As you approach Sand Harbor you’re passing above Clemens’ Cove. Mark Twain wrote in “Roughing It” about making a timber claim here in 1861, which involved building a brush lean-to and setting the forest on fire.
Sand Harbor State Park (8 am to one hour past sunset, 365 days a year. Drive in: $7 winter, $12/summer. Bike in: $2 Walk in $1) is almost magically beautiful. There is a Visitor Center, a bar & grill with a shaded deck, a boat launch, a couple of short scenic hikes, and you can rent kayaks and paddleboards. In winter the parking lots are kept clear of snow and you can take an unforgettable sleigh ride into the wintry woods. Do this.
The new East Shore Trail is being built from Lakeshore Drive in Incline Village to Sand Harbor, part of a planned 10-foot wide Lake Tahoe Bikeway that will go all around the Lake.
Further on are the hallowed grounds of the Ponderosa Ranch, fabled home of the Cartwright Family in the hugely popular television series “Bonanza“, now turned to other uses.

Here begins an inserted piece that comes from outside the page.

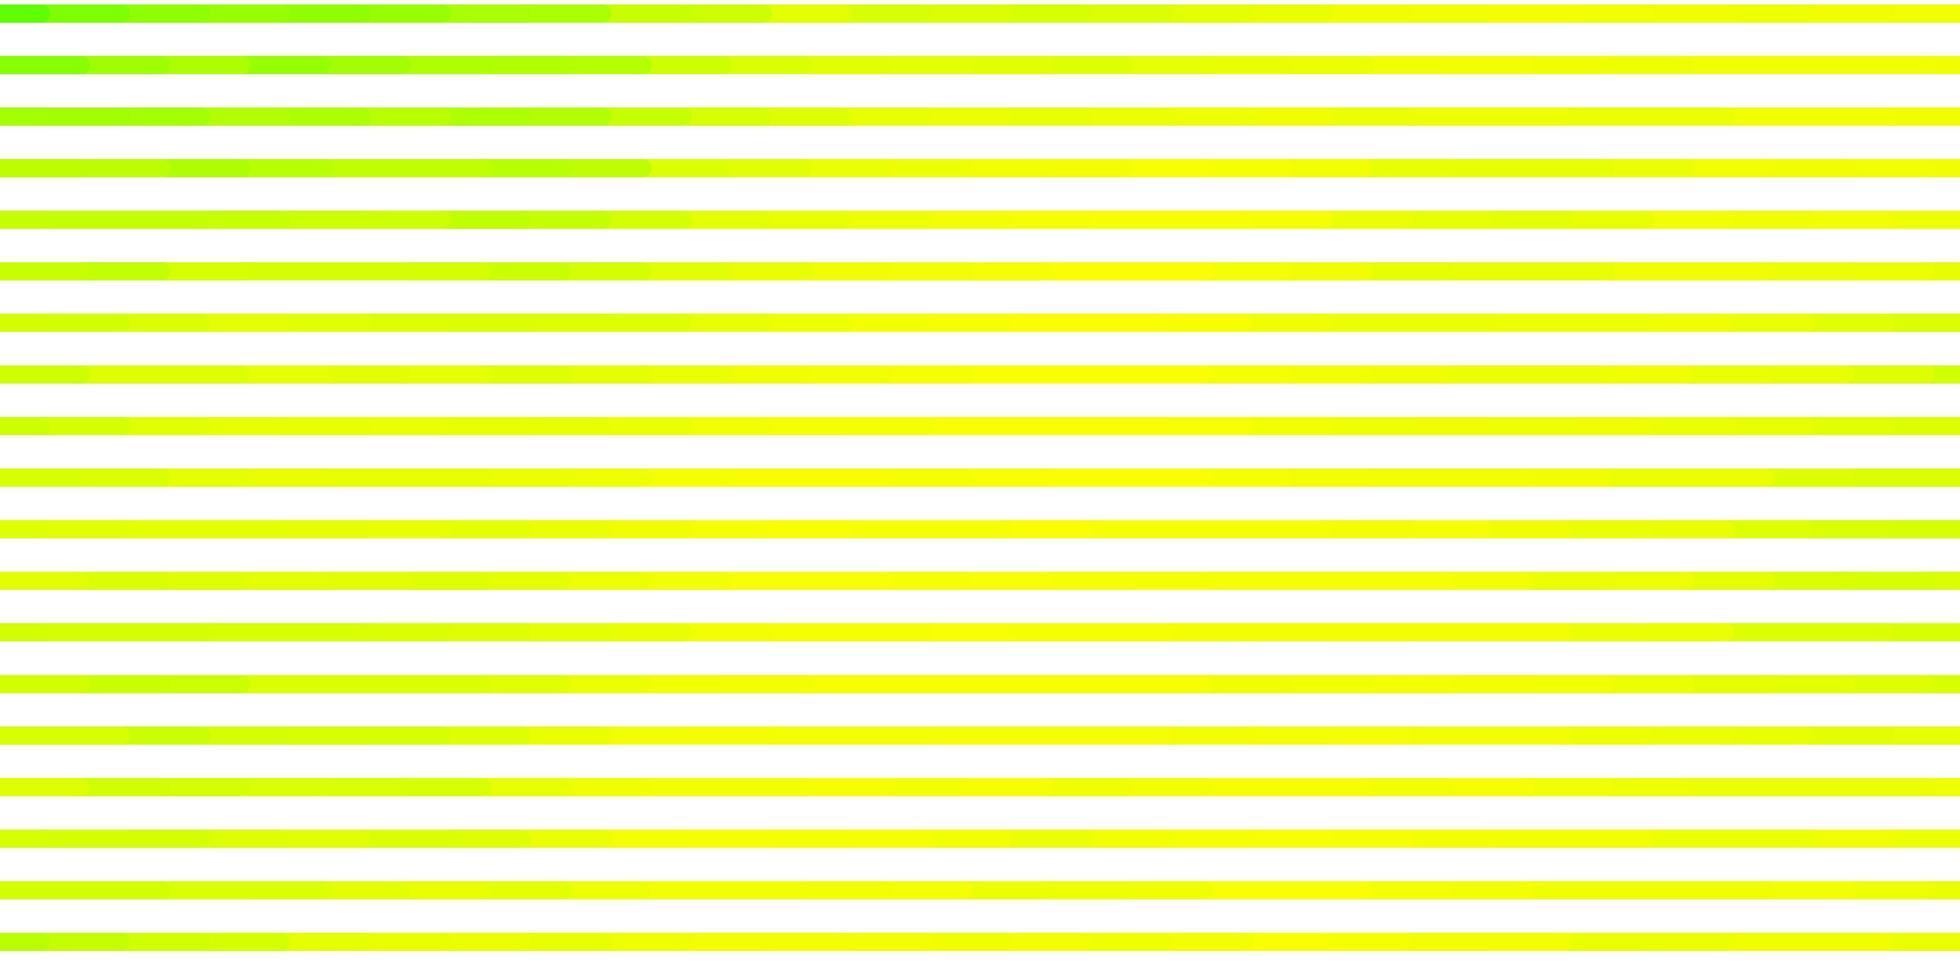 ljusgrön, gul vektor bakgrund med linjer.

If ever a town needed a Visitor Center, it’s this one, and happily enough it has one at the eastern edge of town, dispensing detailed information to out-of-towners about all the ways to enjoy the lake: hiking and biking trails from the Flume Trail to the Ale Trail; the food, three dozen dining choices when you include Crystal Bay three miles farther along; the drink from the elegant Lone Eagle Grille on the water to the beer-shrine The Alibi in the industrial district to the comfortable Crosby’s in Christmas Tree Village; the nightlife — casinos at the Hyatt and at three more in Crystal Bay; and the lodging, the splendid Hyatt and in Crystal Bay both the Biltmore and the 9-room Border House.
Every other other settlement in Nevada formed itself around some natural activity center — a railroad depot, a mine, a ford of the river, a crossroads. After one false start in the 1880s, Incline Village formed around a golf course.
The false start came when the Sierra Nevada Wood & Lumber Company built a sawmill at Sand Harbor in 1878. From there the company built a narrow-gauge railway to haul the cut lumber and cordwood to the foot of “The Great Incline”. This was a minor miracle of engineering the company built to haul the wood to the top of the mountain, a double-track of narrow-gauge rails with cross ties on a solid log bed. As four loaded cars were being hauled up on the endless cable by the steam engine at the top, four empties were let down the other pair of rails. Near the top of the Incline the rise was 8 feet in every 12, a 67 percent grade; the 8,000-foot cable weighed 7 tons.
At the top the logs went into a V-flume that carried them rapidly through the Virginia City Water Company’s 4,000 foot tunnel and on down the steep east slope to Lakeview north of Carson City. There it was loaded onto flatcars of the V&T and hauled to the Comstock.
The company ceased operations in 1895, and everyone left with what they could carry and abandoned the rest.
In 1960 there were only four houses where Incline Village is now, and the place didn’t have a name any more. Then the Crystal Bay Development Company began to cut roads and develop beaches, a ski area and a Robert Trent Jones golf course which became famous. Some of the people who came to play golf fell under Tahoe’s spell, so that much of the early residential development was strips of second homes not far from the fairways.